SoftBank is the largest single shareholder, with 27.3% ownership pre-IPO.
LMND has improved its net and gross loss ratios as it has grown, as the chart shows below:
Source: Company registration statement
Goldman Sachs is the lead left underwriter and IPOs led by the firm over the last 12-month period have generated an average return of 110.7% since their IPO. This is a top-tier performance for all major underwriters during the period.
As a comparable-based valuation, LMND is proposing to value itself at an EV/Sales of nearly 15x that of incumbent firm Allstate.
LMND is, of course, growing revenue much faster and has a different business model that has the potential to deliver higher profits at scale due to its digital nature.

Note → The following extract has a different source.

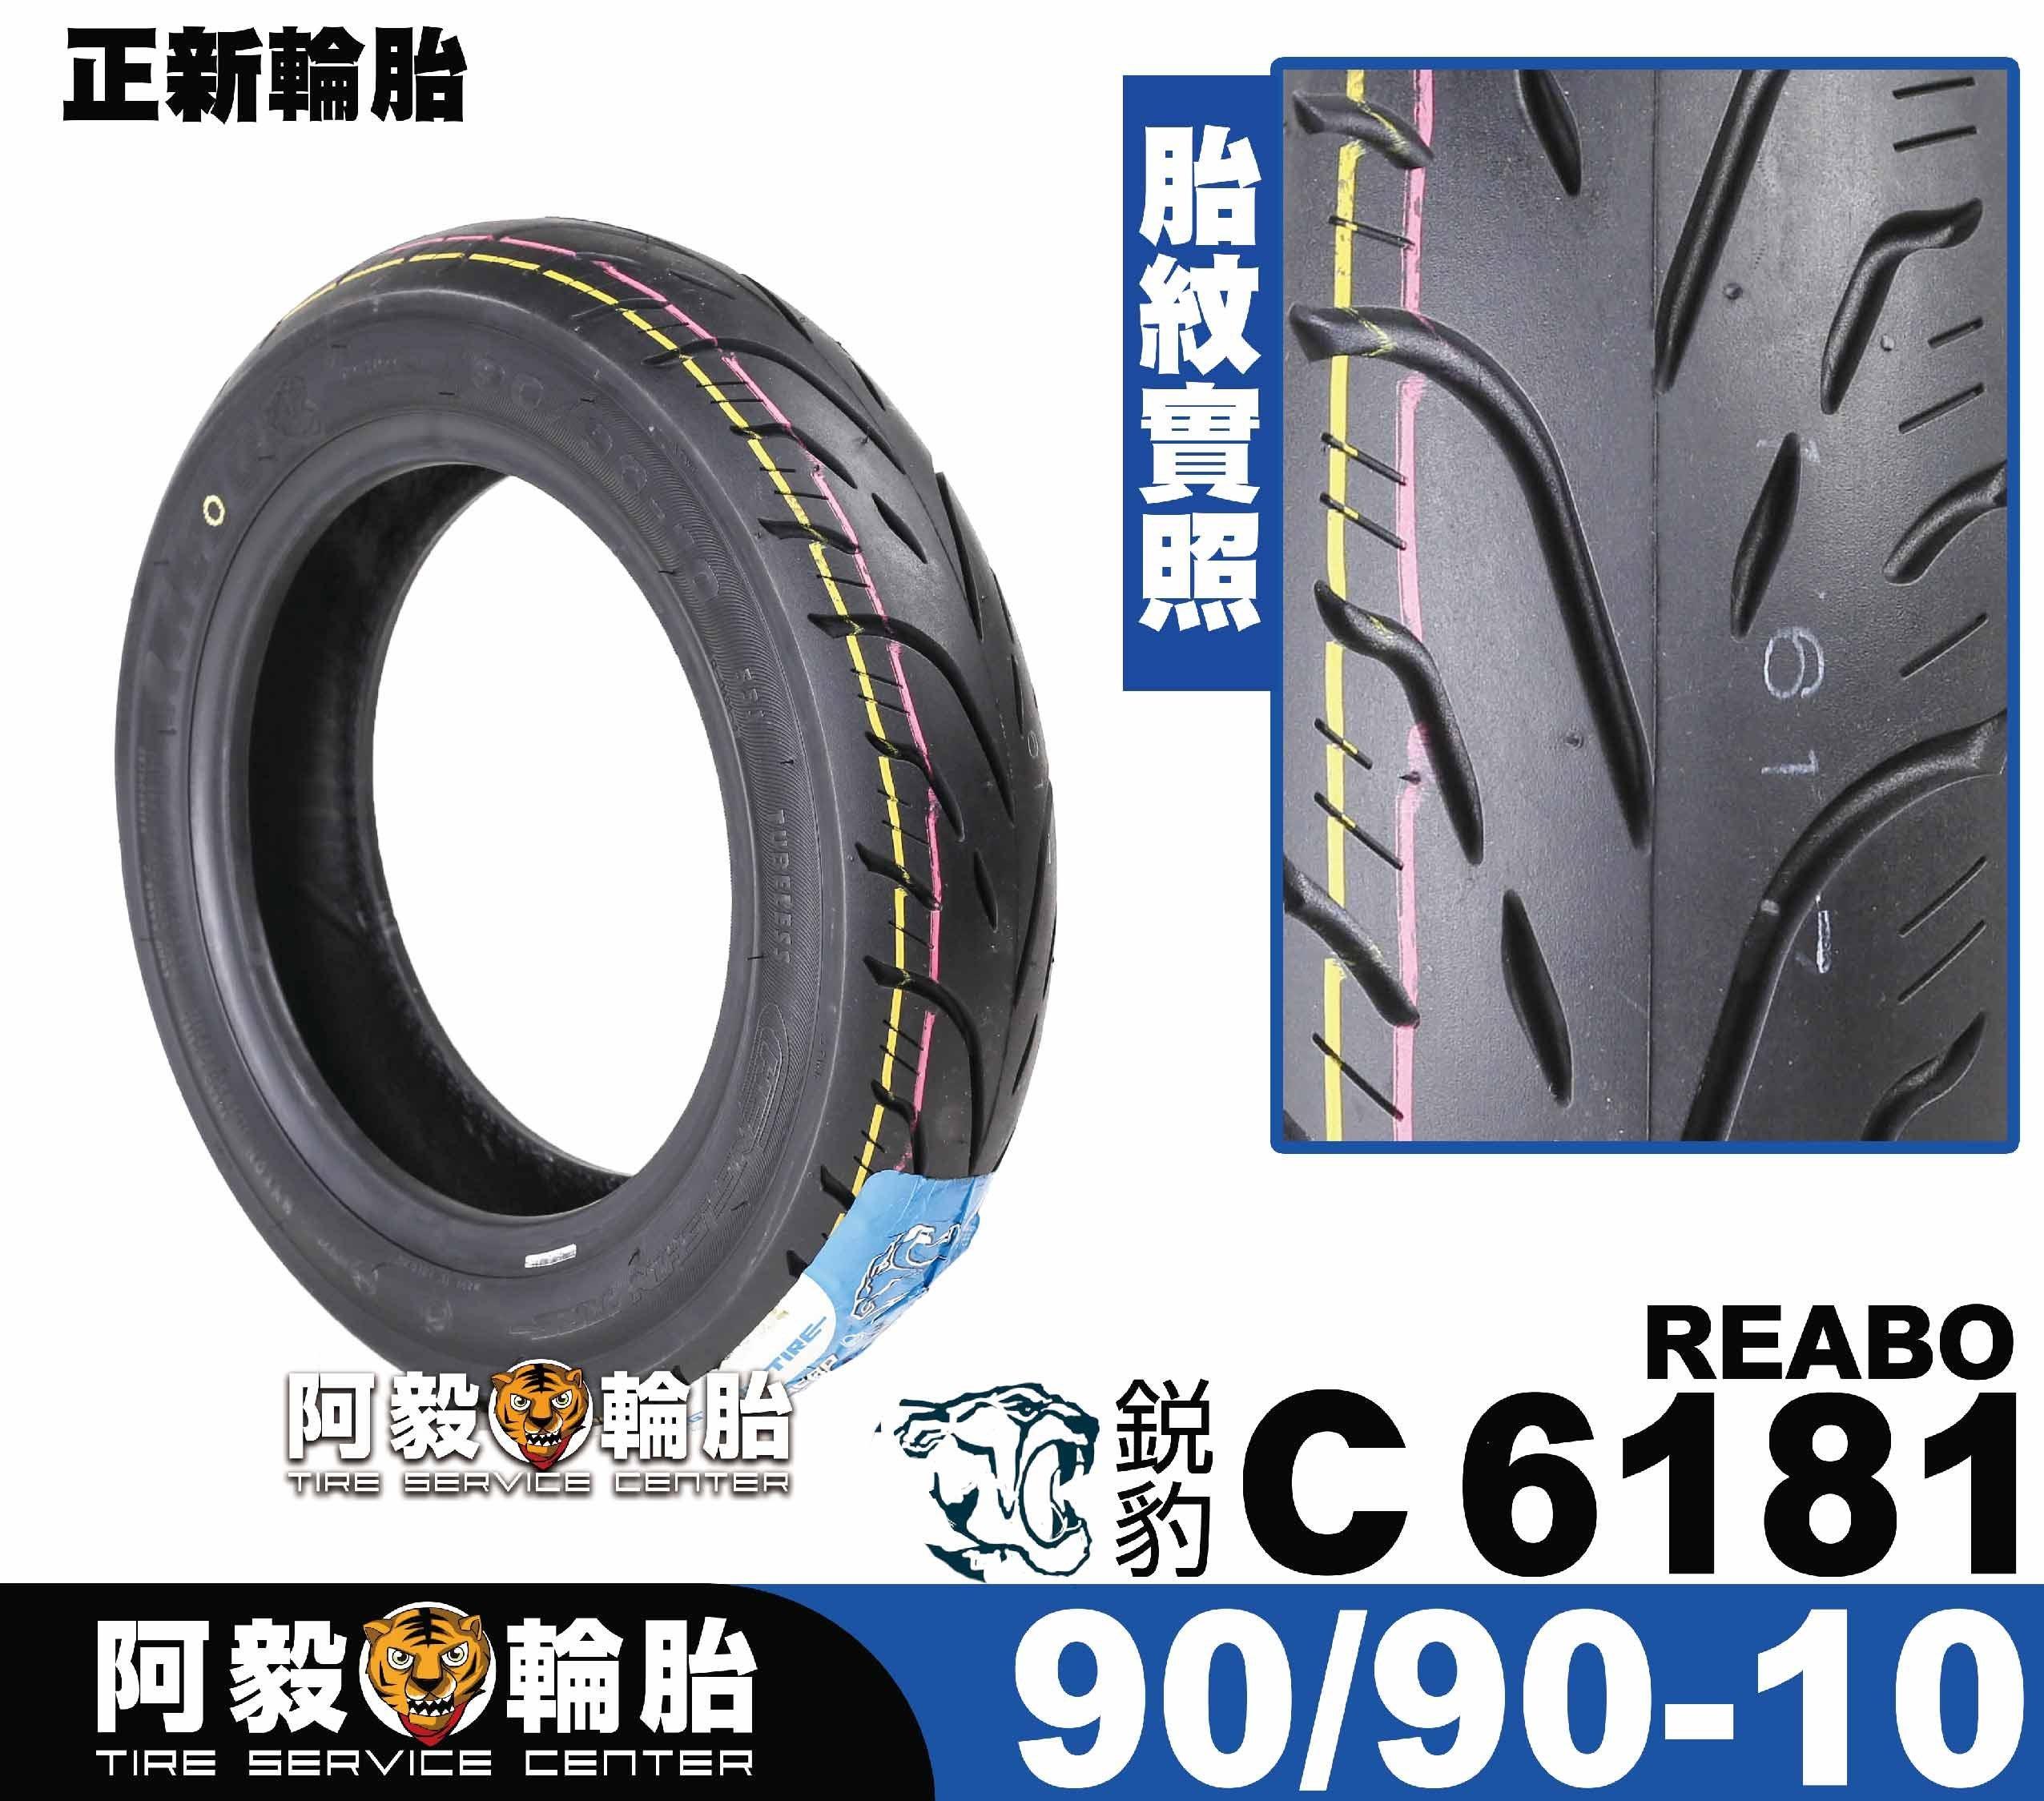 90/90-10 台灣正新輪胎 鋭豹 REABO C6181 90/90-10 門市安裝送輪胎平衡+除蠟+氮氣填充服務

The question for IPO investors is whether you want to pay that 15x higher EV/Sales valuation for a company that is still losing a lot of money and burning through significant operating cash flow.
Also, LMND’s ‘public benefit’ corporation status also leaves me wondering whether it will operate in the best interests of the shareholders.
Given the high IPO pricing, heavy cash burn and net losses and corporate status, my opinion on the IPO is NEUTRAL.
Expected IPO Pricing Date: July 1, 2020.
(I have no position in any stocks mentioned as of the article date, no plans to initiate any positions within the next 48 hours, and no business relationship with any company whose stock is mentioned in this article. IPO stocks can be very volatile in the days immediately after an IPO. Information provided is for educational purposes only, may be incomplete or out of date, and does not constitute financial, legal, or investment advice.)